From the first line to the last, give the records again exactly and skip the pictures.

Data entries:
============
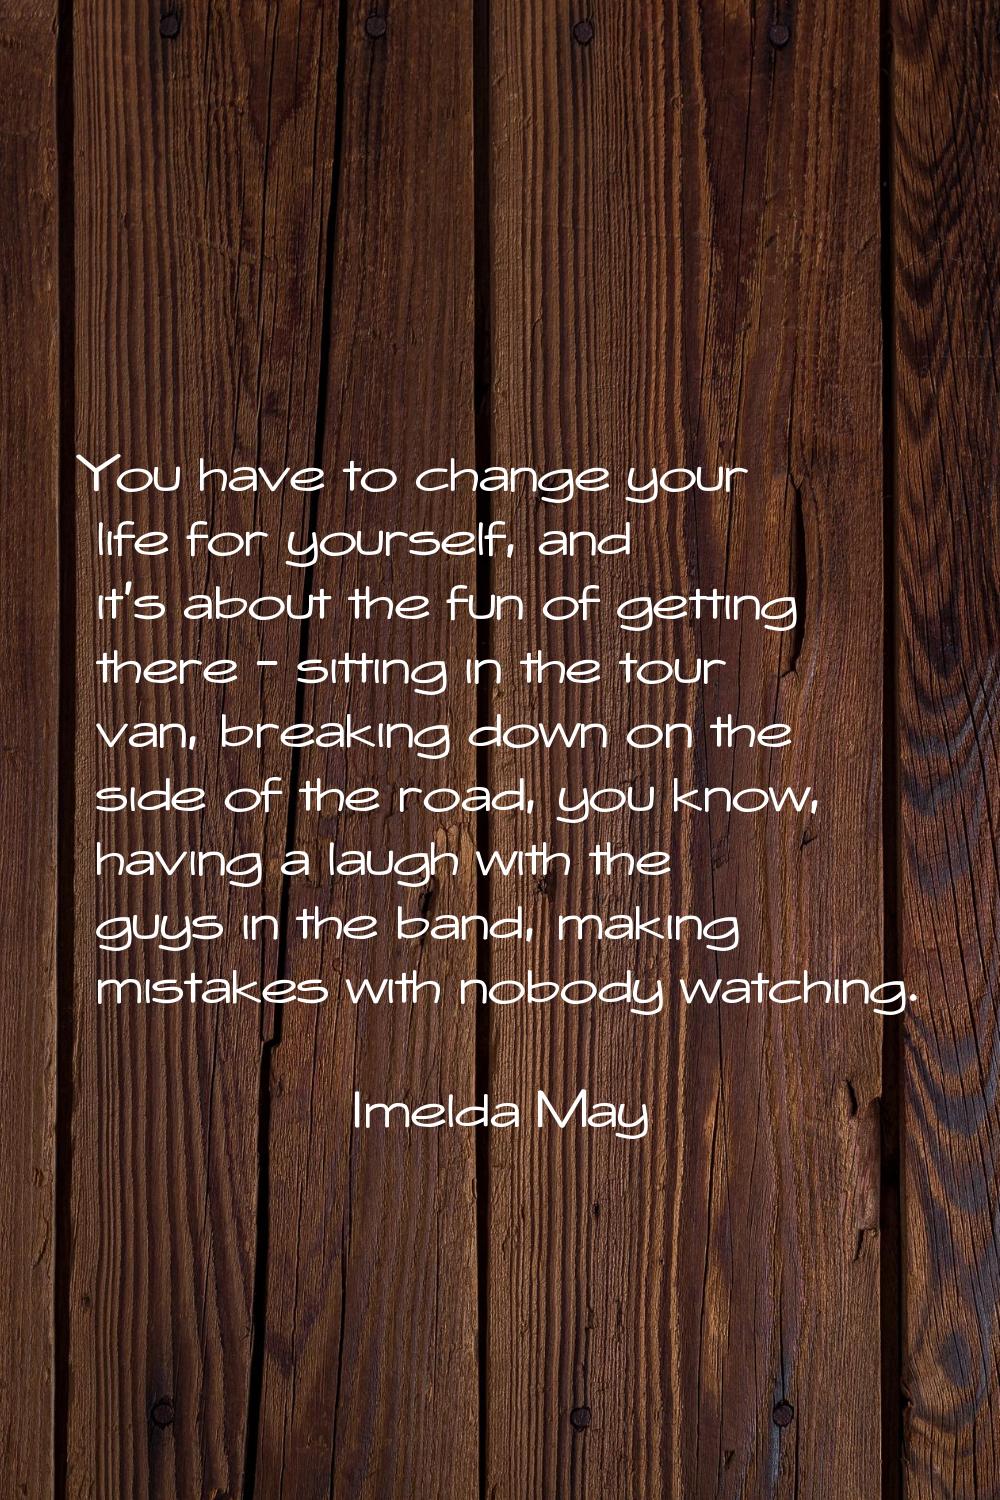 You have to change your life for yourself, and it's about the fun of getting there - sitting in the
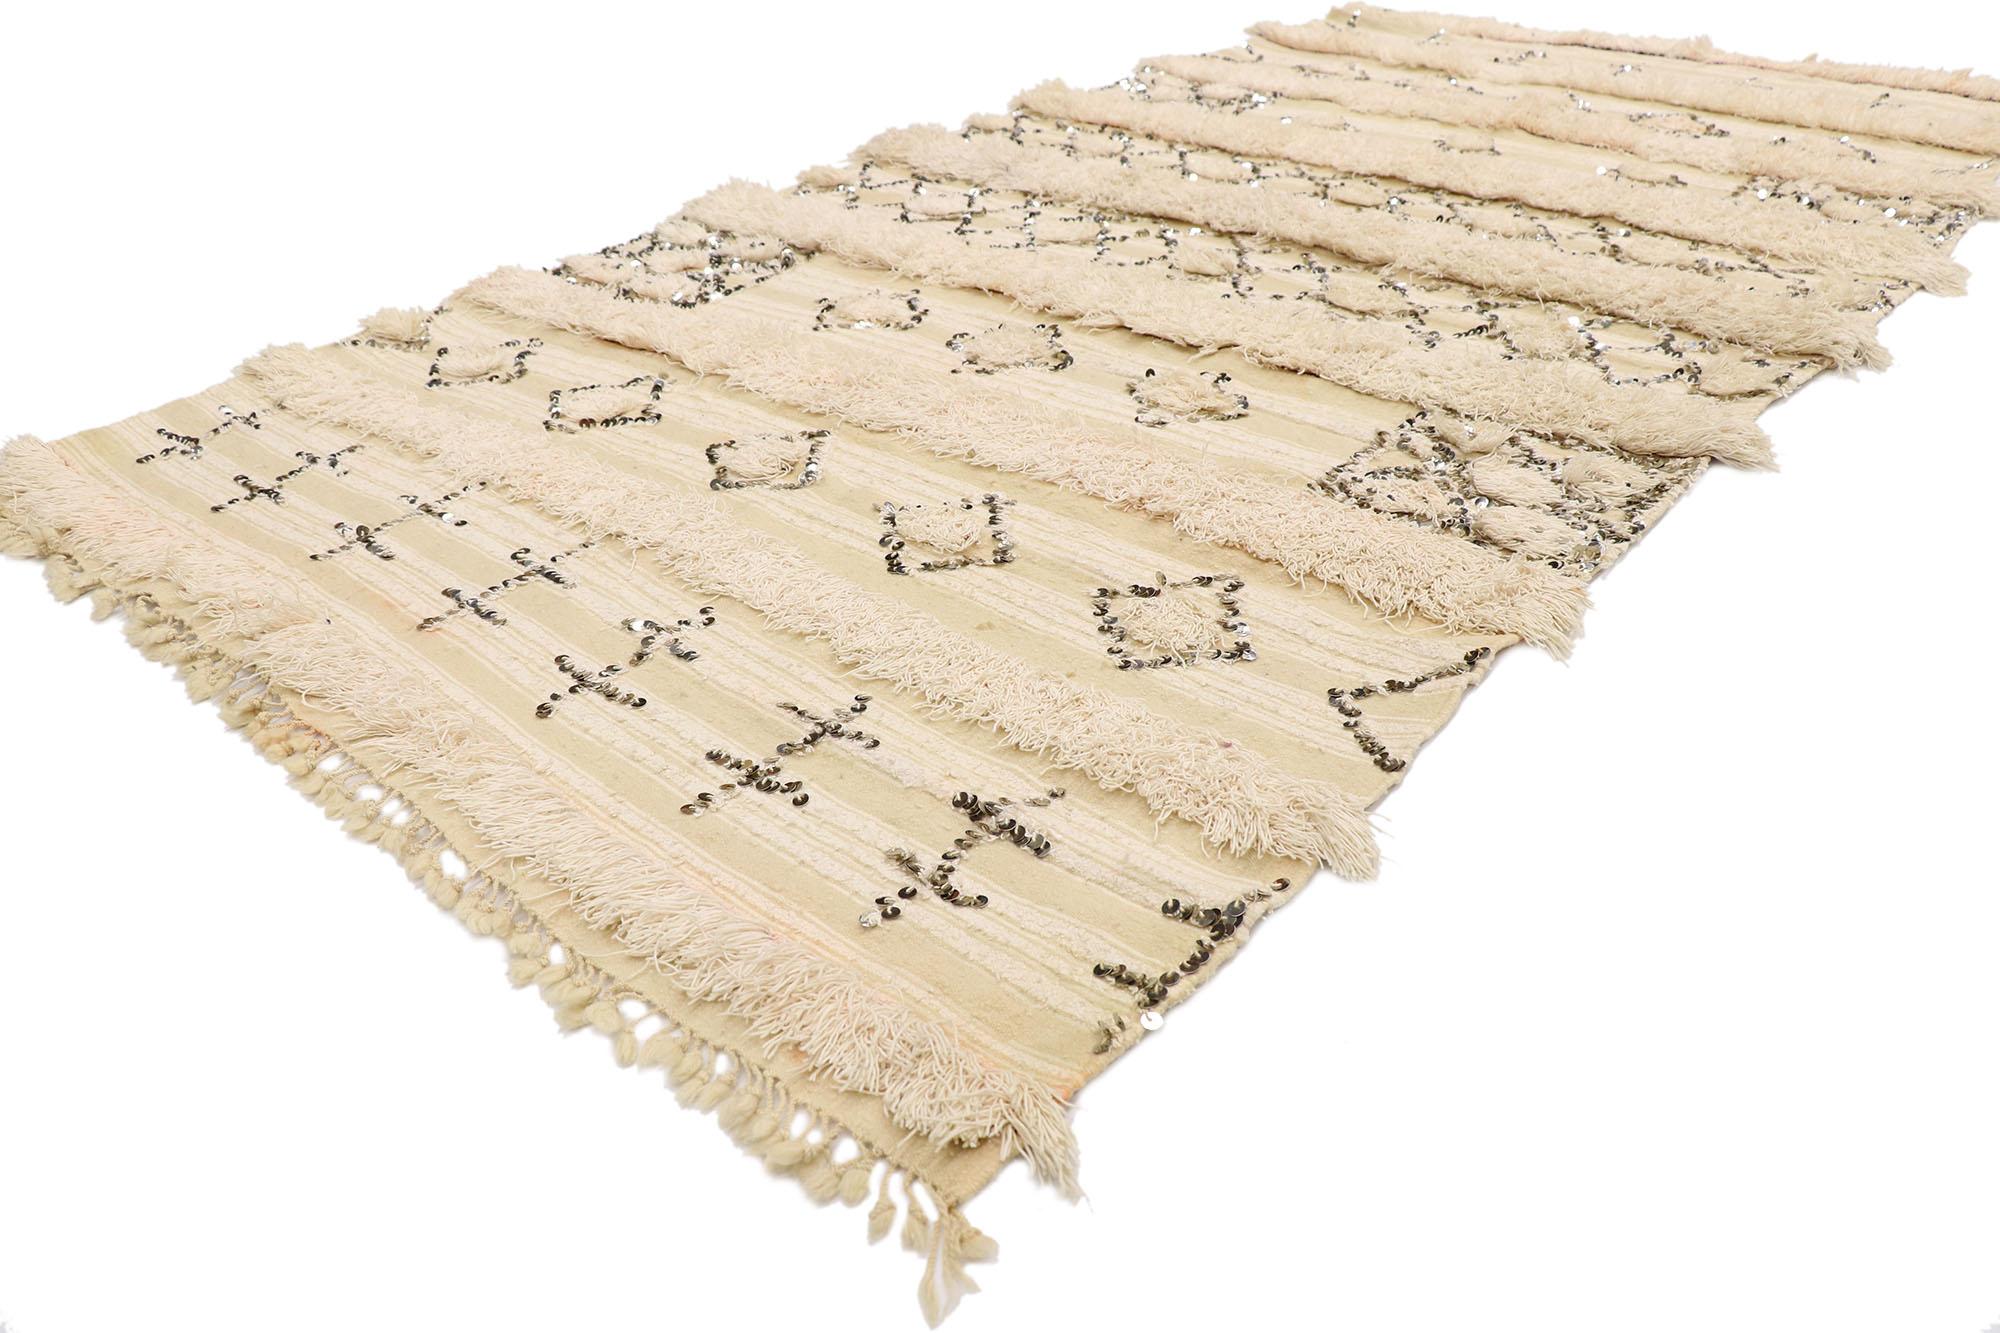 21546 Vintage Moroccan Wedding Blanket, Berber Handira 03'10 x 07'07. This handwoven wool vintage Moroccan Wedding Blanket also known as a Berber Tamizart Handira features rows of fluffy fringe composed of diamonds, cross motifs, and lozenge lattice
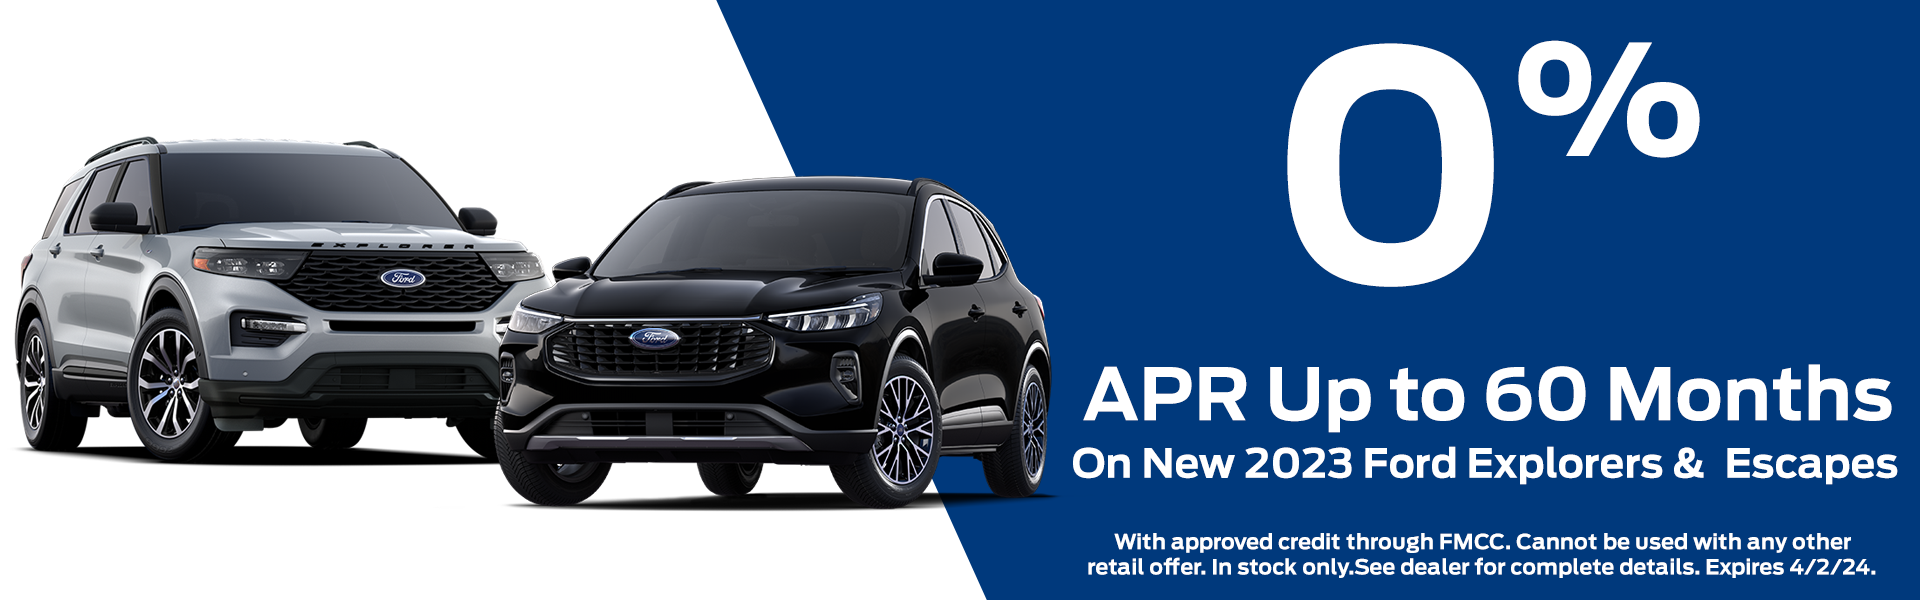 0% APR Up to 60 Months on New 2023 Explorer & Escape
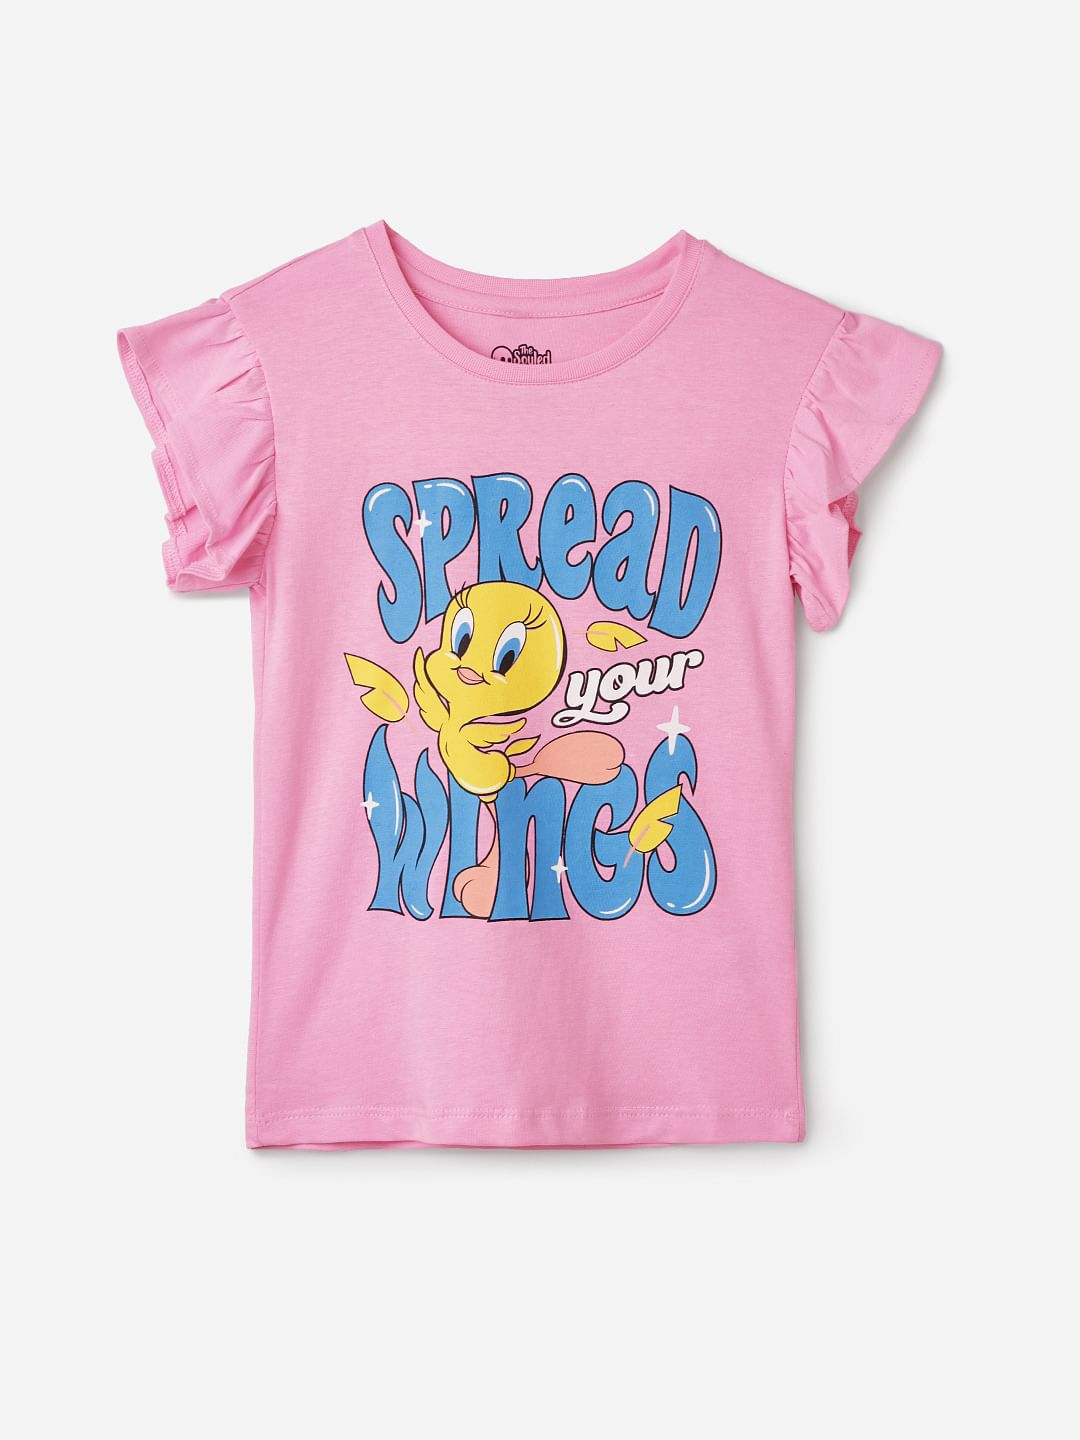 Girls Looney Tunes: Spread Your Wings Girls Cotton Flutter Sleeve Tops
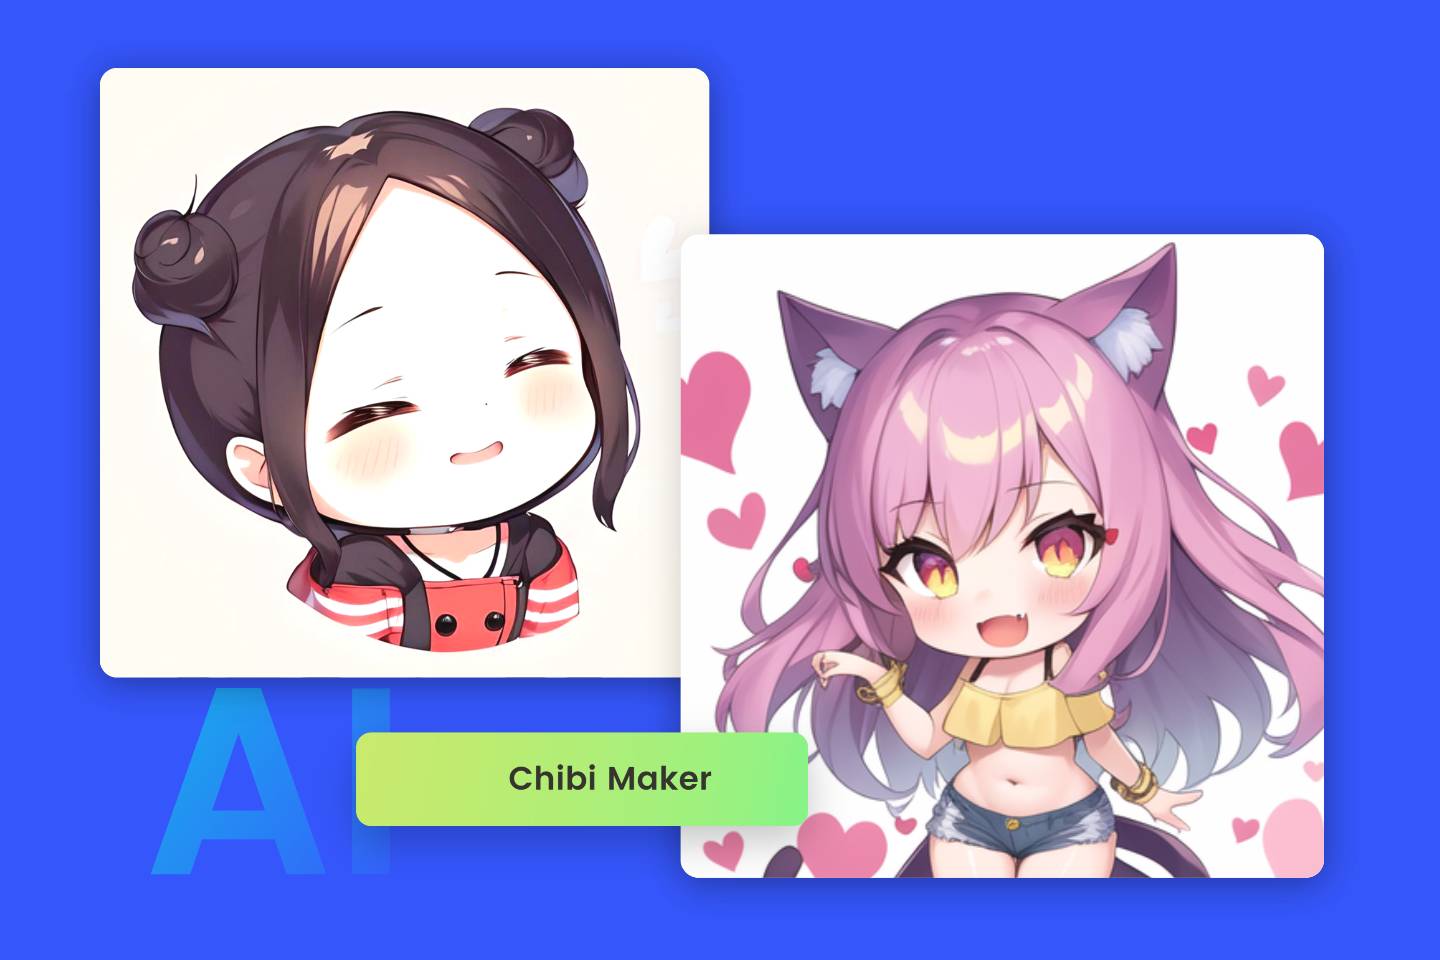 Create your own cute chibi creator with these helpful tools
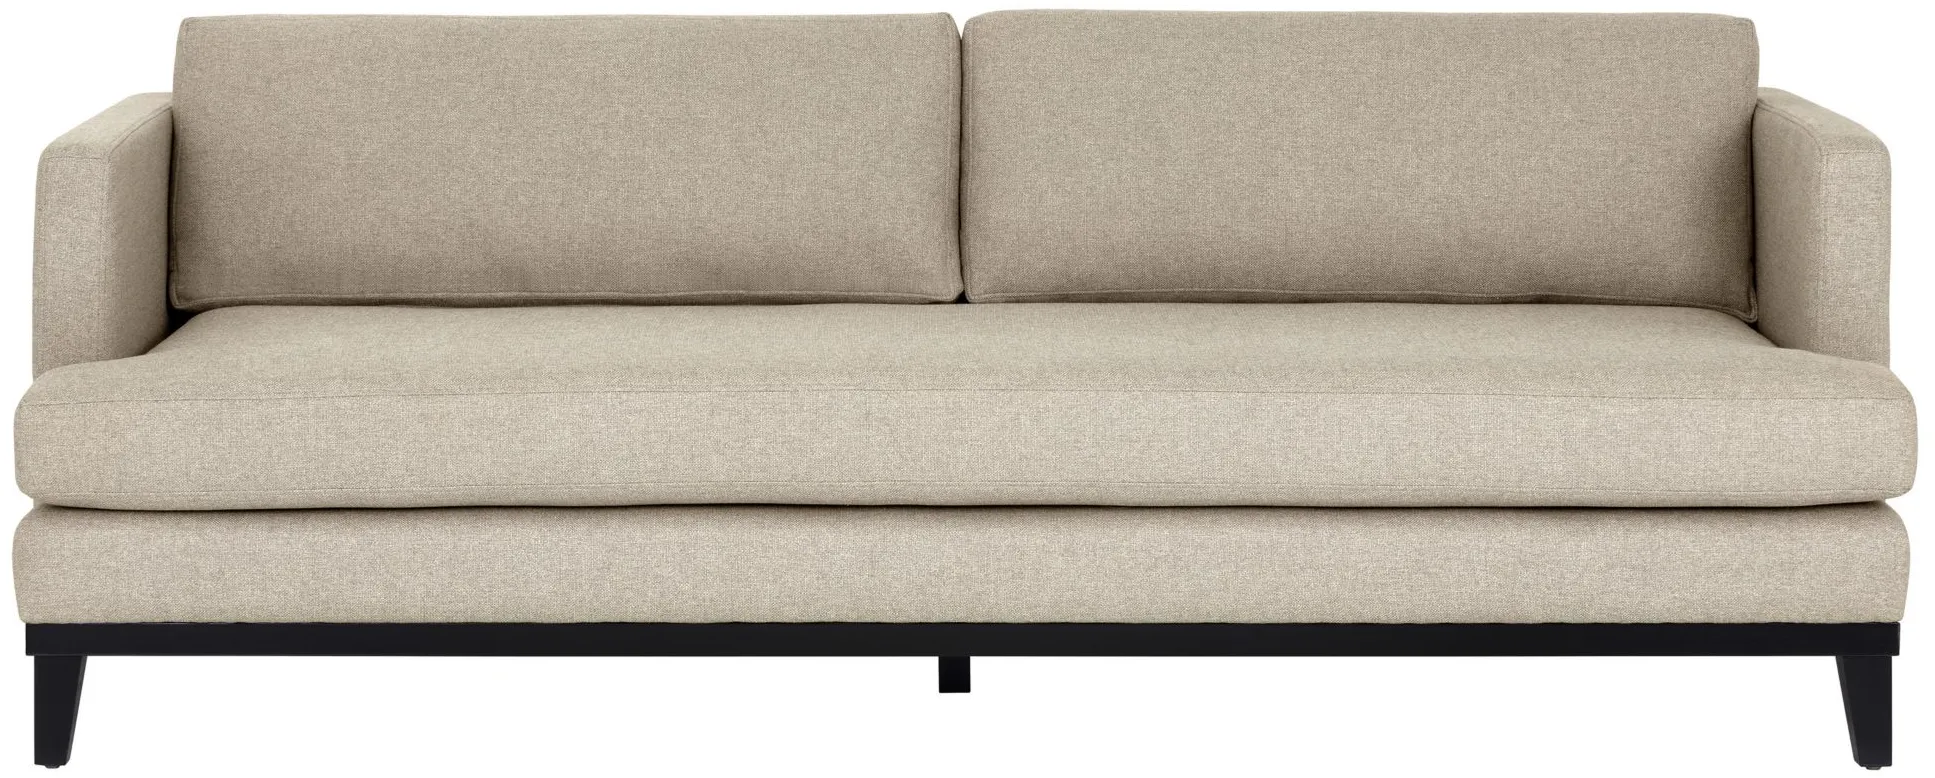 Kaius Sofa in Limelight Oat by Sunpan
============
[Answer section]
 You have to change your life for yourself, and it's about the fun of getting there - sitting in the
 21546 Vintage Moroccan Wedding Blanket, Berber Handira 03'10 x 07'07. This handwoven wool vintage Moroccan Wedding Blanket also known as a Berber Tamizart Handira features rows of fluffy fringe composed of diamonds, cross motifs, and lozenge lattice
 0% APR Up to 60 Months on New 2023 Explorer & Escape
 Girls Looney Tunes: Spread Your Wings Girls Cotton Flutter Sleeve Tops
 Create your own cute chibi creator with these helpful tools
 Kaius Sofa in Limelight Oat by Sunpan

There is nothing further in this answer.